## Thursday, March 21, 2013

### [leetcode] Palindrome Partition II

Problem is stated here .
It is easy to find out that it's a dynamic programming problem. Certainly we can use recursion to solve it, but we will see that there're a lot of repeated computations, and therefore recursion is inefficient in this kind of situation.
DP approach isn't difficult, a good and brief explanation can be found here.

Let dp[i] = min cut for substring [i...n], where n is the length of input string.
Then dp[i] = 0, if substring[i..n] itself is a palindrome
or dp[i] = 1+dp[j], if substring(i, j) is a palindrome ( i<j<n )
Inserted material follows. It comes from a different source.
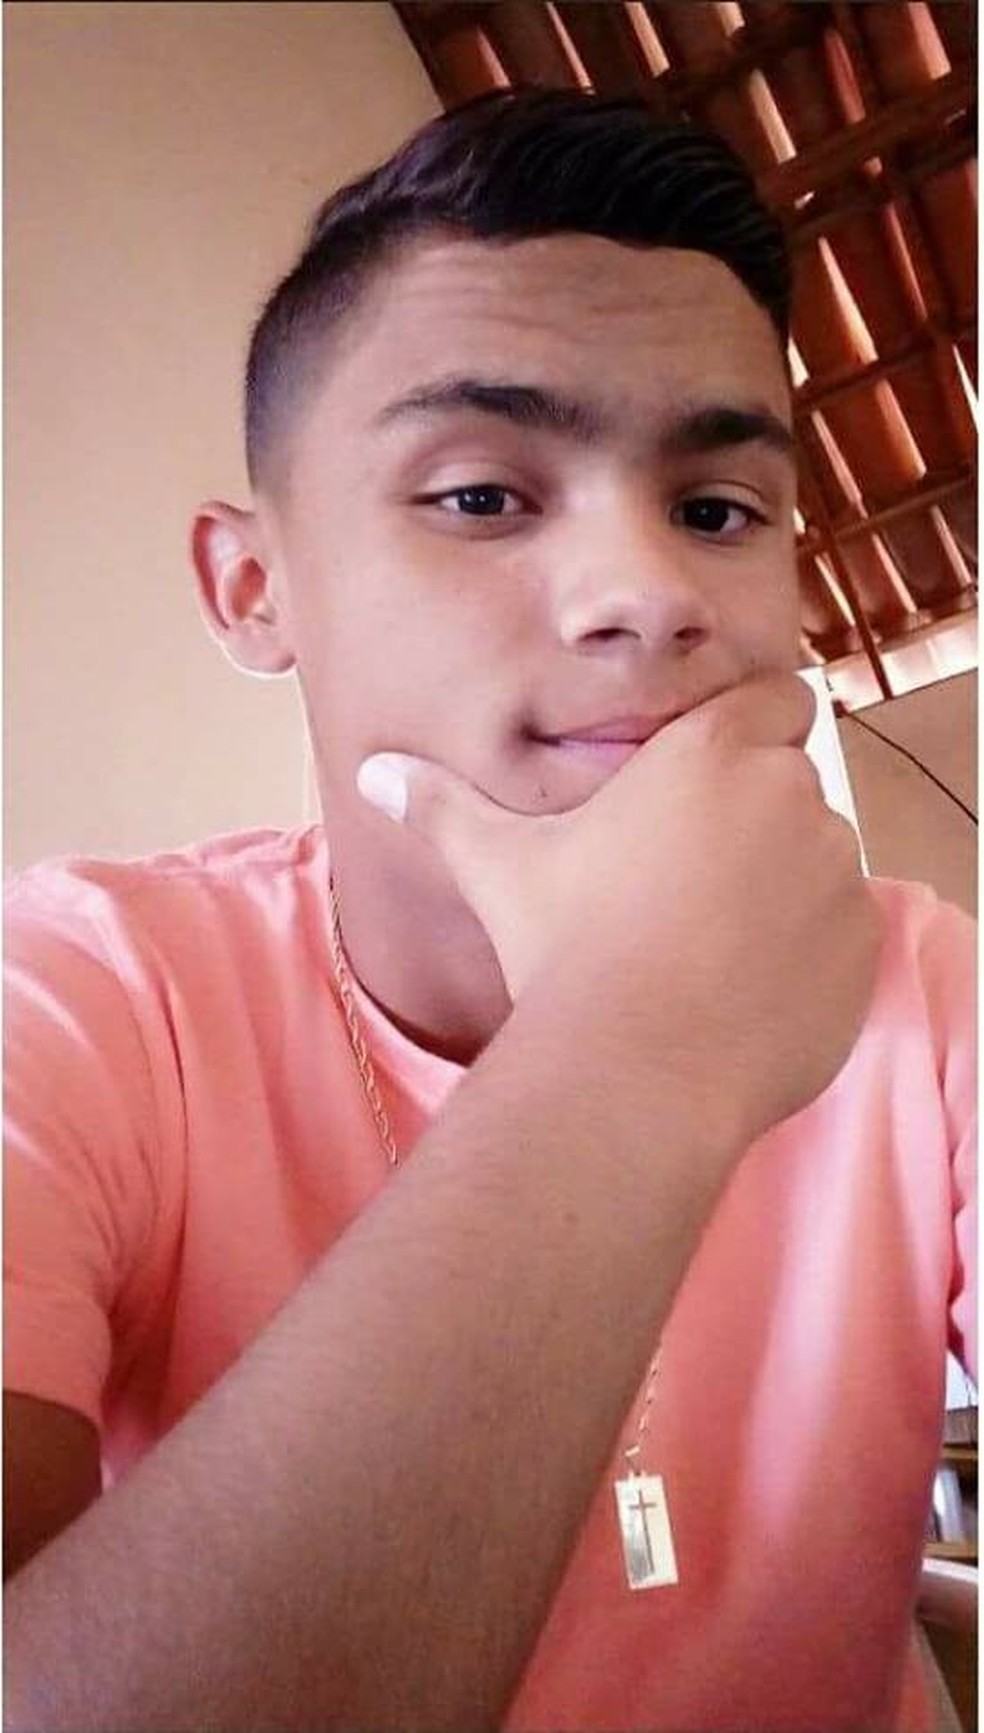 O potiguar José Edcarlos Horácio, de 16 anos, morreu no acidente em Minas Gerais envolvendo sete veículos (Foto: Facebook/Reprodução)

Here comes the interesting part, how do we know if substring(i, j) is a palindrome or not ?
If we check it directly by going though characters from i to j-1, it reveals a overall runtime of O(n^3) of this algorithm. The trick is using another DP:

substring(i, j) is palindrome if charAt(i) == charAt(j-1) && subtring(i+1,j-1) is palindrome.

So, this is a interesting mixed DP problem and can be solved in O(n^2).
Note that this post made a good point that it can be regarded as a variant of Matrix Chain Multiplication Problem. They gave a neat code for this problem using 2D dynamic programming algorithm which is very similar with the one to solve Matrix Chain Multiplication Problem. It makes perfect sense, but the time complexity is O(n^3).
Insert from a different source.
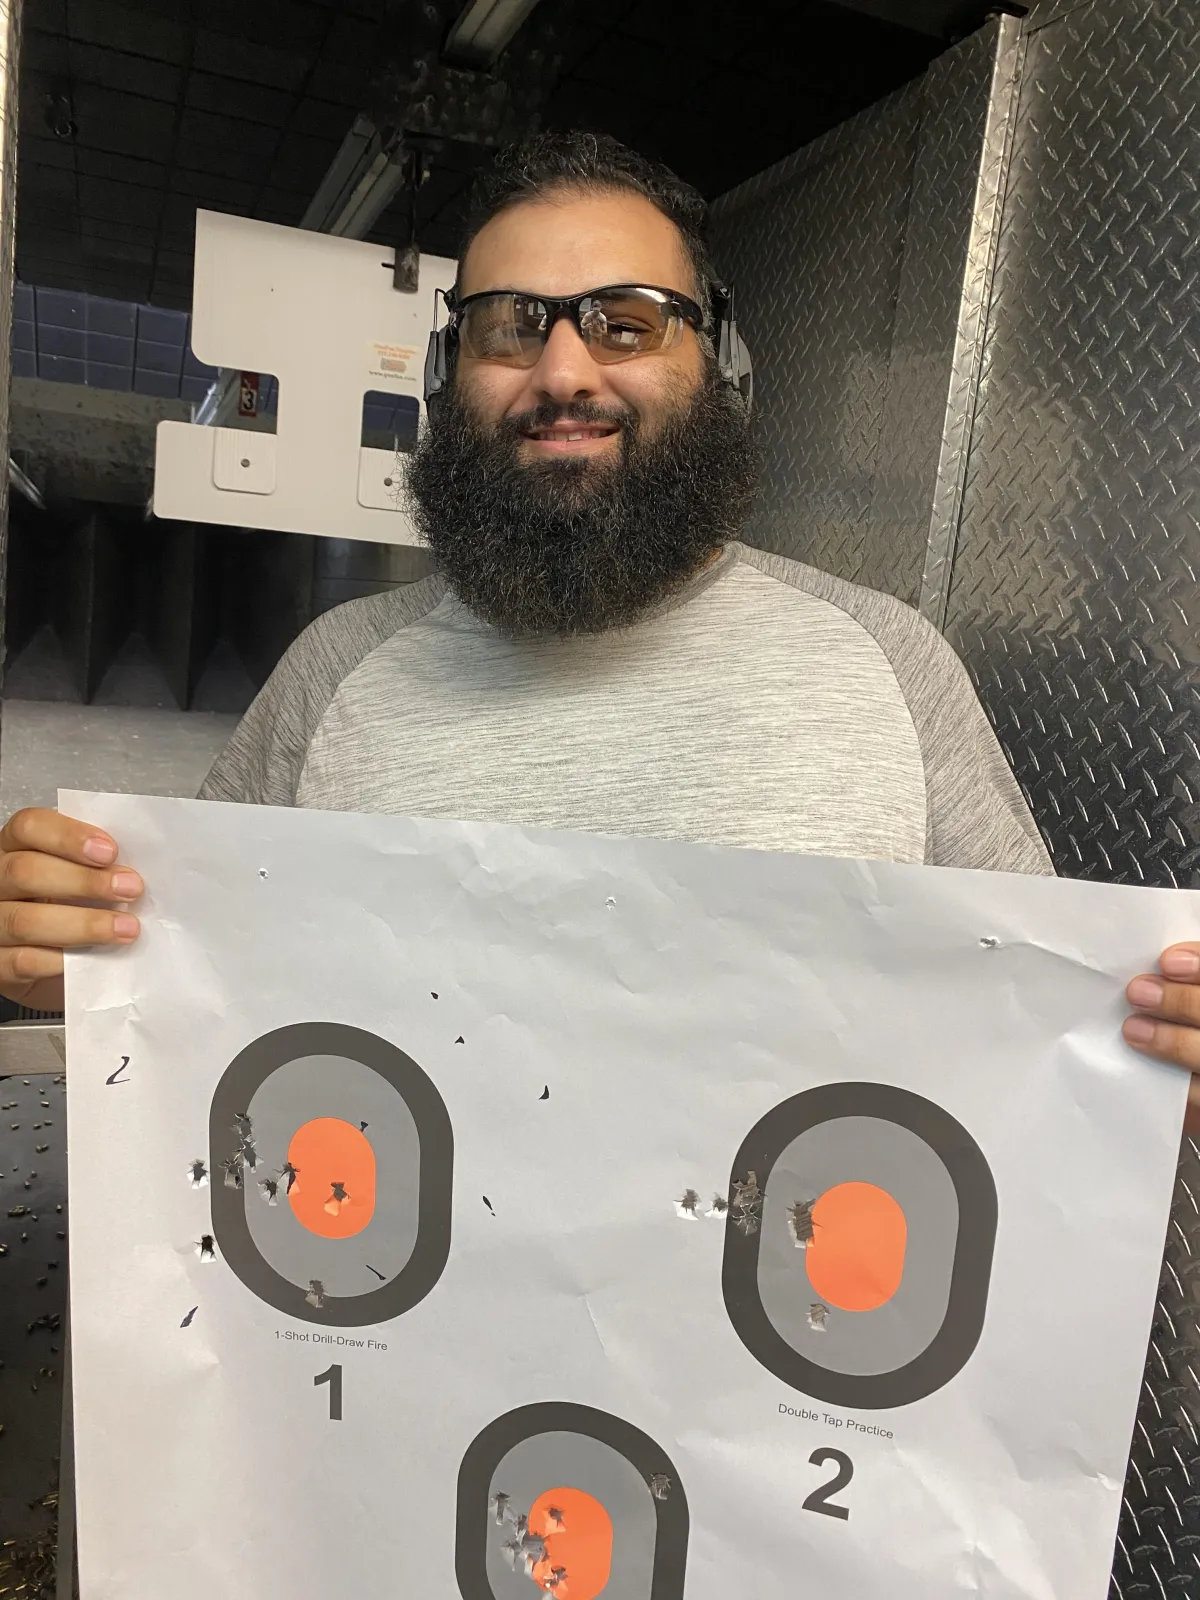 Man holding target at gun range

As I talked it before, this problem can be solved in runtime of O(n^2). So what's the difference between it and Matrix Chain Multiplication Problem?  Well, by using anoter DP, we can find out if substring(i, j) is palindrome in O(1) time while we can not directly get the min multiplications of sub matrices(i,j) if we applied the same strategy to it.
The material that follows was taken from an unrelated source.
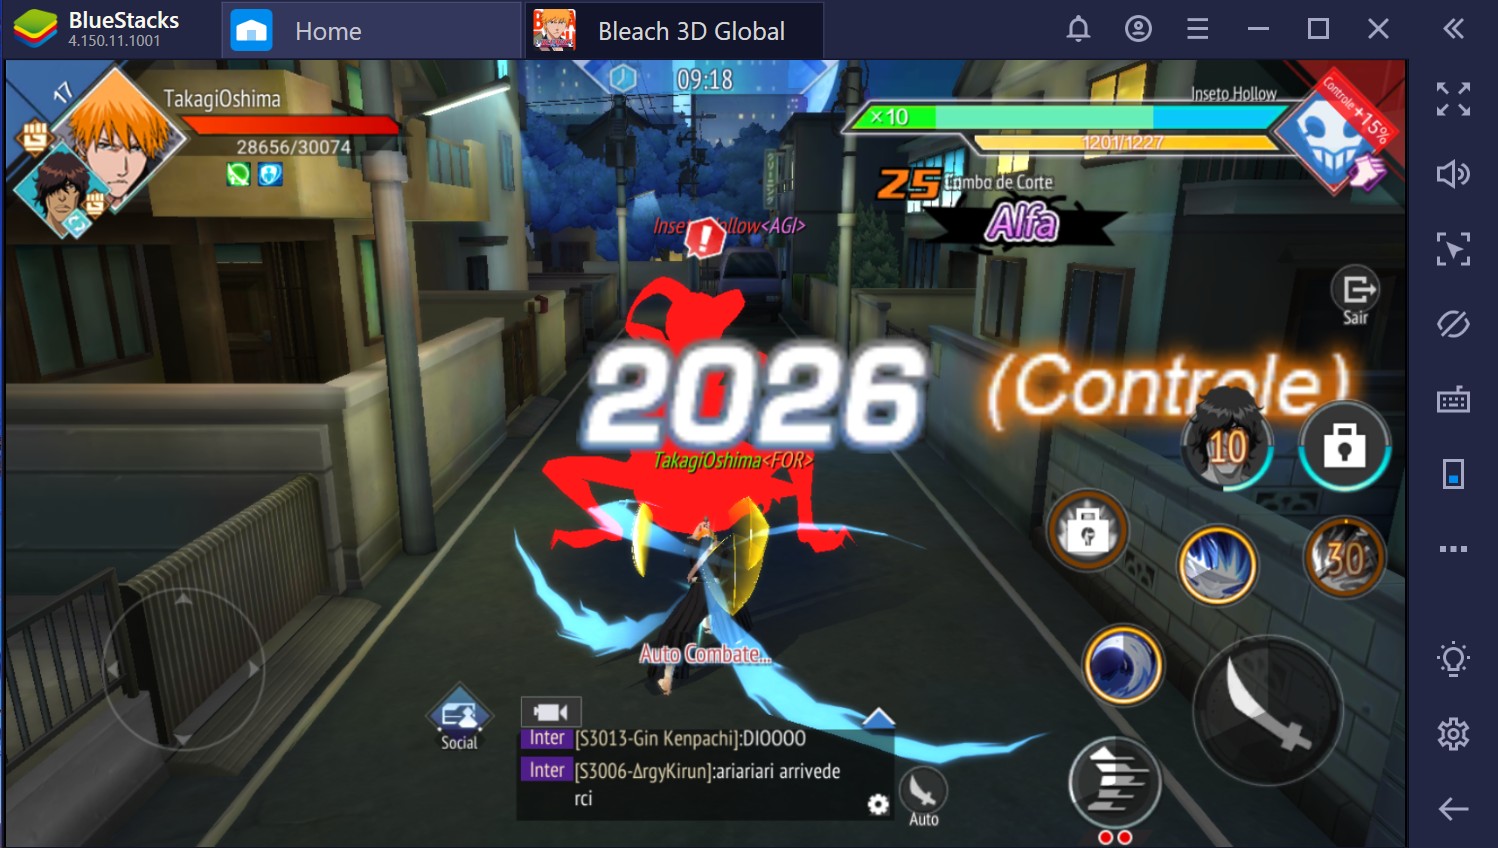 Bleach Mobile 3D: dicas e truques para iniciantes

Another related problem is problem 17.14 in the book Cracking the Coding Interview:
Given a text without spaces, e.g."helloworldniceday",
Find the minimal words it can be divided into. e.g. "hello world nice day" -> 4 words.
It occurs to me that this is another variant of Matrix Chain Multiplication Problem with 2-D DP at first, but actually it's much easier than I thought. 1-D DP is enough, just like the Palindrome Partition problem I talked first.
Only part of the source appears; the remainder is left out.